Esta informação foi avançada pela directora de Fundos e Comunicação das Aldeias Infantis SOS, Indira Mascarenhas, em entrevista à Inforpress, quando fazia o balanço da campanha de angariação de fundo levada a cabo pelas Aldeias Infantis SOS de Cabo Verde.

A acção, que teve como objectivo a angariação de donativos para assegurar a continuidade dos cuidados prestados às cerca de 200 crianças tem, segundo esta responsável, um balanço “extremamente positivo”, tendo ressalvado que a mesma atingiu até ao momento os 50% do orçamento previsto.

“Tivemos o engajamento da nossa madrinha primeira dama, que mobilizou a comunidade cabo-verdiana residente nos EUA, que nos deram um excelente apoio, mas também tivemos a contribuição de doadores anónimos que fizeram doações através do nosso web site”, disse, avançando que a referida campanha foi estendida até ao final do mês em curso.
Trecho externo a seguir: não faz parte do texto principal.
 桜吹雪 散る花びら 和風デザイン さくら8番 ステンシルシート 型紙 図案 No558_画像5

Conforme adiantou, conseguiram com isso mobilizar mais de 30 novos padrinhos durante o período da pandemia do novo coronavírus, anunciando que os mesmos voluntariamente aderiram à causa da referida aldeia e se predispuseram a contribuir regularmente para ajudar as crianças mais vulneráveis.

Informou, de igual modo, que a organização está a trabalhar numa agenda colaborativa a longo prazo com o Governo, sustentando que essa agenda irá permitir apoiar mais crianças nos próximos tempos.
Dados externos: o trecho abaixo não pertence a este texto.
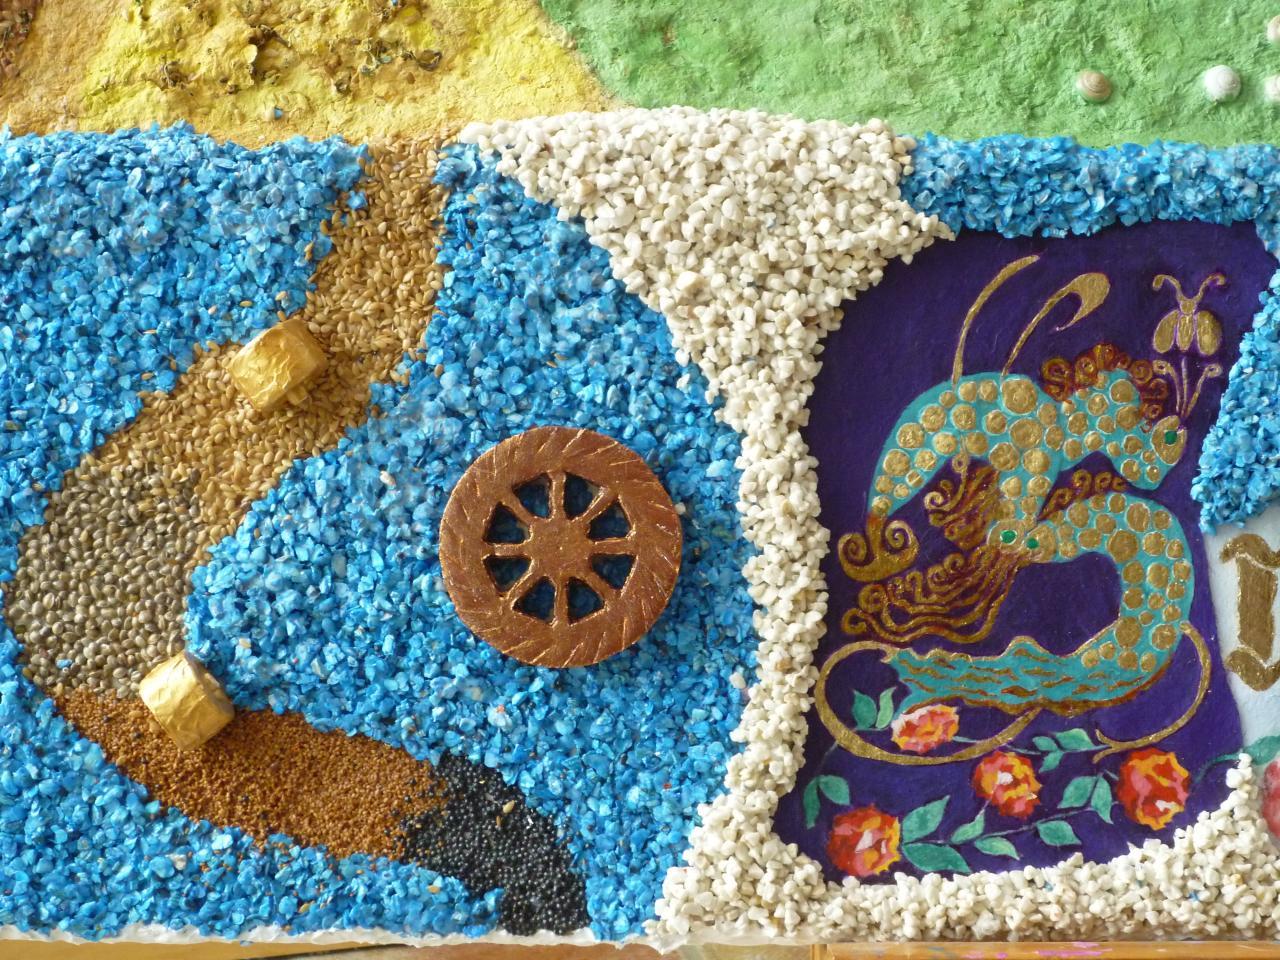 Roue à aube,meules,graines (cameline,lin,sarasin,tournesol),cailloux

Indira Mascarenhas apontou, por outro lado, a garantia do suporte psicológico às crianças das Aldeias Infantis SOS de Cabo Verde e o engajamento das cuidadoras e tias como o maior desafio durante o período de confinamento.
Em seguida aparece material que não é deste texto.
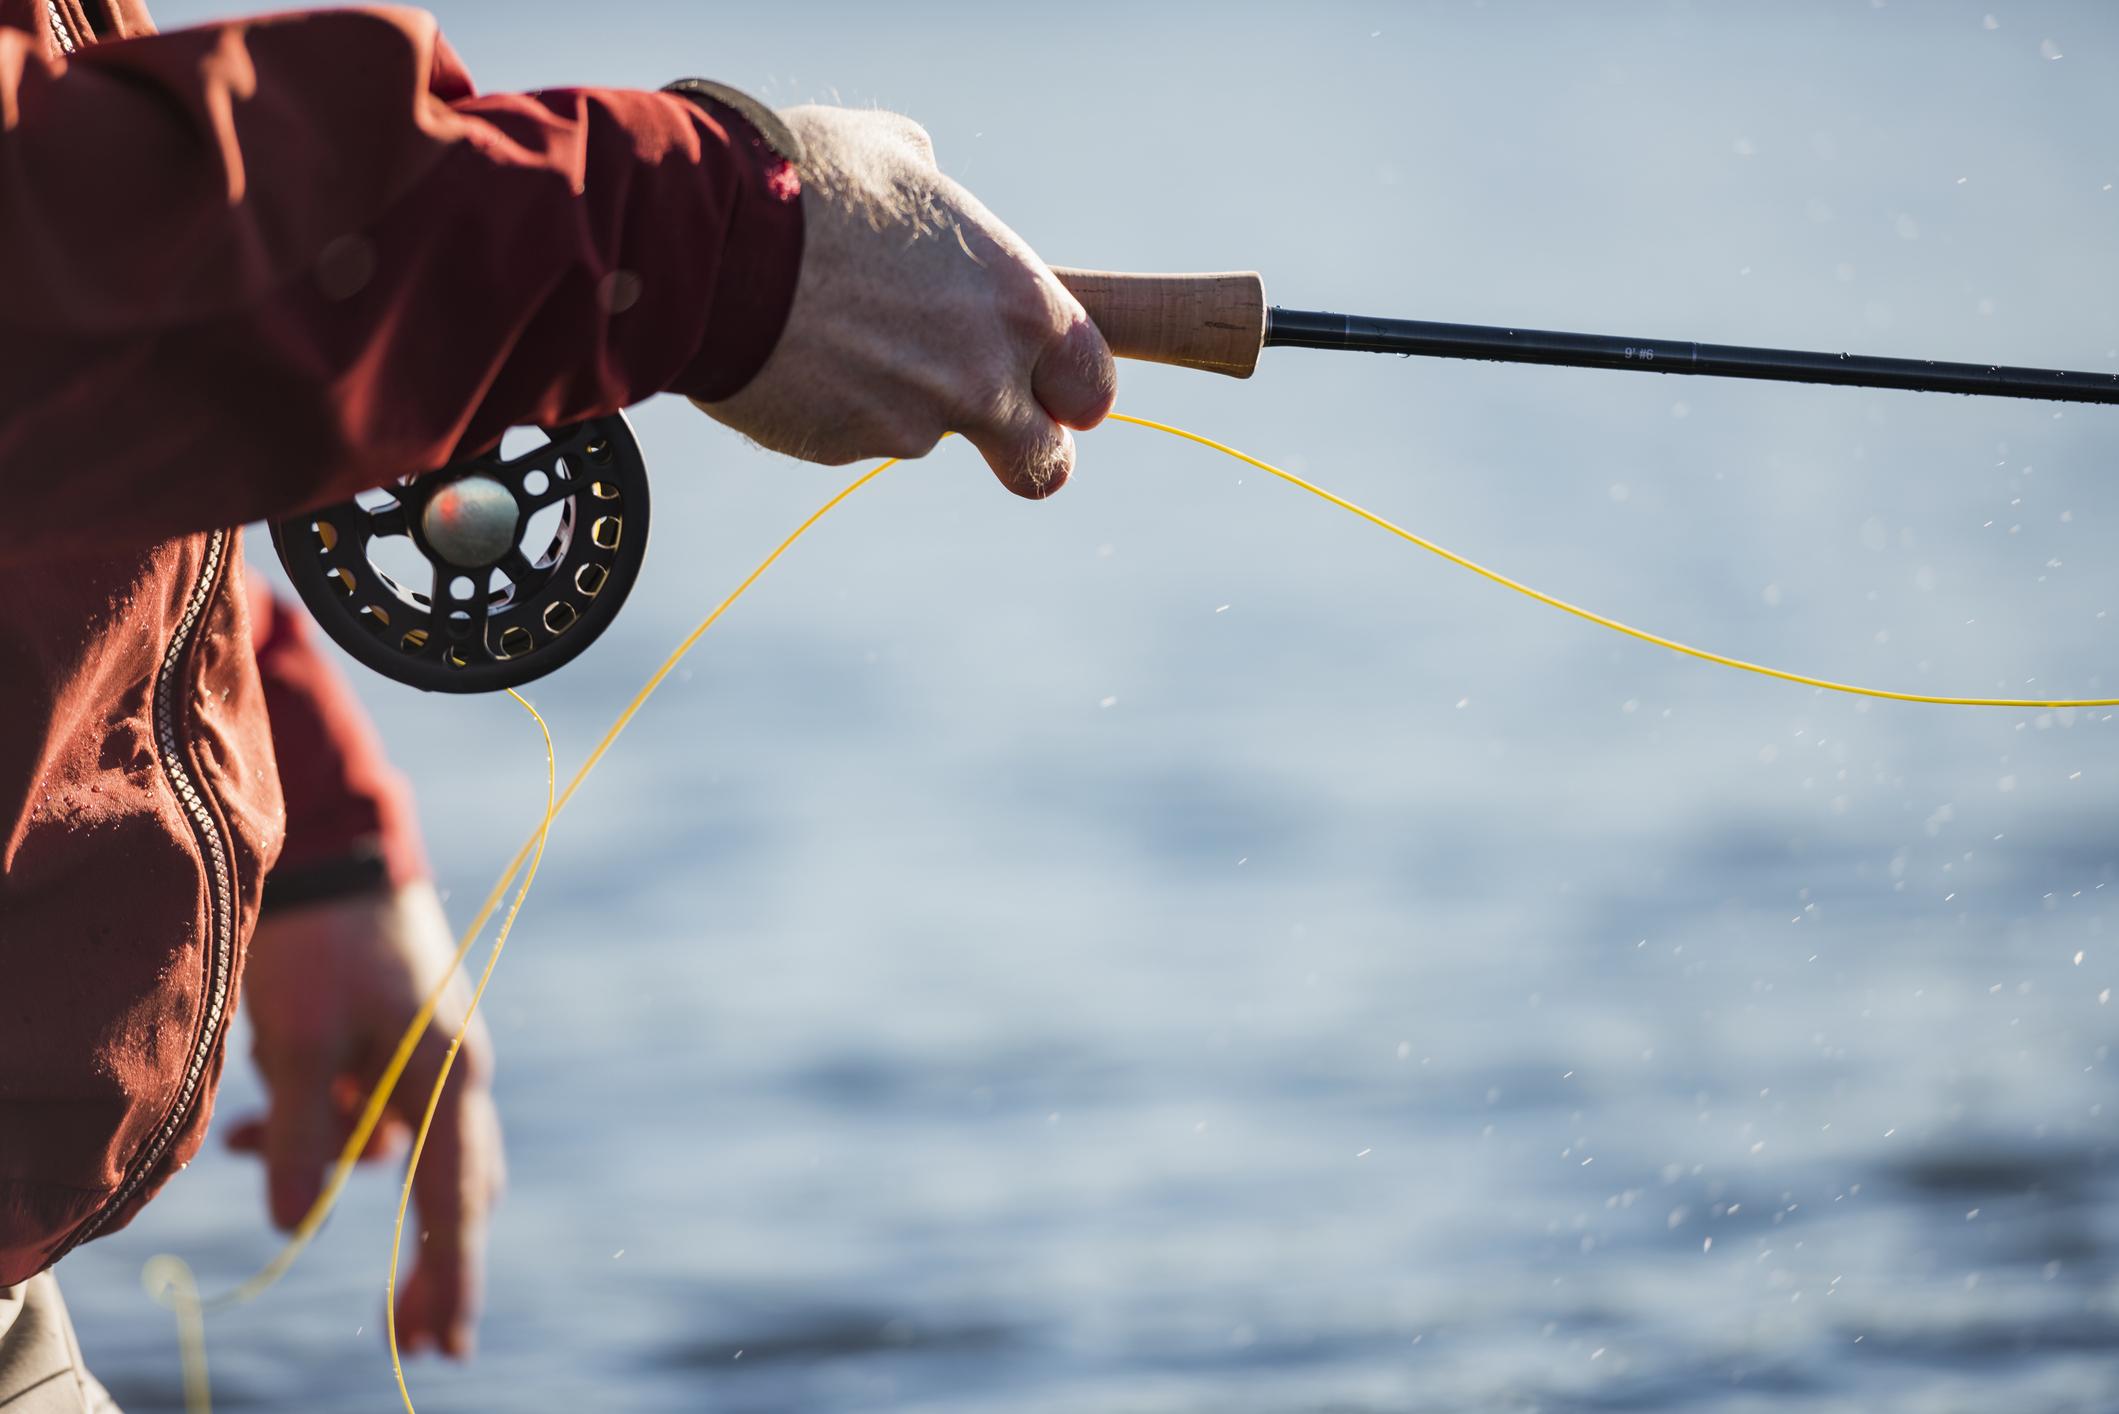 338452b422 Viszont ha csak most ismerkedsz a horgászvilággal, akkor nem árt először  felkészülni: informálódni, szétnézni a piacon és beszerezni a megfelelő  cuccokat.

“Neste momento o nosso principal desafio é de suportar as crianças que não estão nas aldeias porque devido à pandemia muitas famílias sofreram um corte nos rendimentos e nossa preocupação é conseguir meios para beneficiar essas crianças, que se não forem atendidas a tempo poderão acabar por ir às aldeias e serem institucionalizadas”, revelou, indicando que isso abrange a cidade da Praia e ilhas de São Vicente, Sal e Boa Vista.

A campanha de angariação de fundos está estruturada por kits de cuidados essenciais, de modo a que cada doador possa escolher um kit e a forma como pretende ajudar e beneficiar crianças que vivem nas aldeias de Assomada e São Domingos, nas casas comunitárias de Santa Cruz e Tarrafal de Santiago, bem como às 35 famílias apoiadas pelo Centro Social do Mindelo.

Quatro kits foram definidos, entre os quais um de 2.000 escudos, que garante higiene para uma família de seis pessoas durante um mês, e um com 5.000 escudos, que garante alimentação para uma família de seis pessoas durante um mês.

Há ainda um terceiro kit no montante de 1.300 escudos, que garante apoio escolar para uma criança durante um mês, e um quarto kit de 1.250 escudos que garante apoio psicológico para uma criança durante um mês.

A campanha está a ser divulgada na página da rede social e no site oficial das Aldeias Infantis SOS Cabo Verde onde as pessoas poderão também aceder ao ‘link’ para doações.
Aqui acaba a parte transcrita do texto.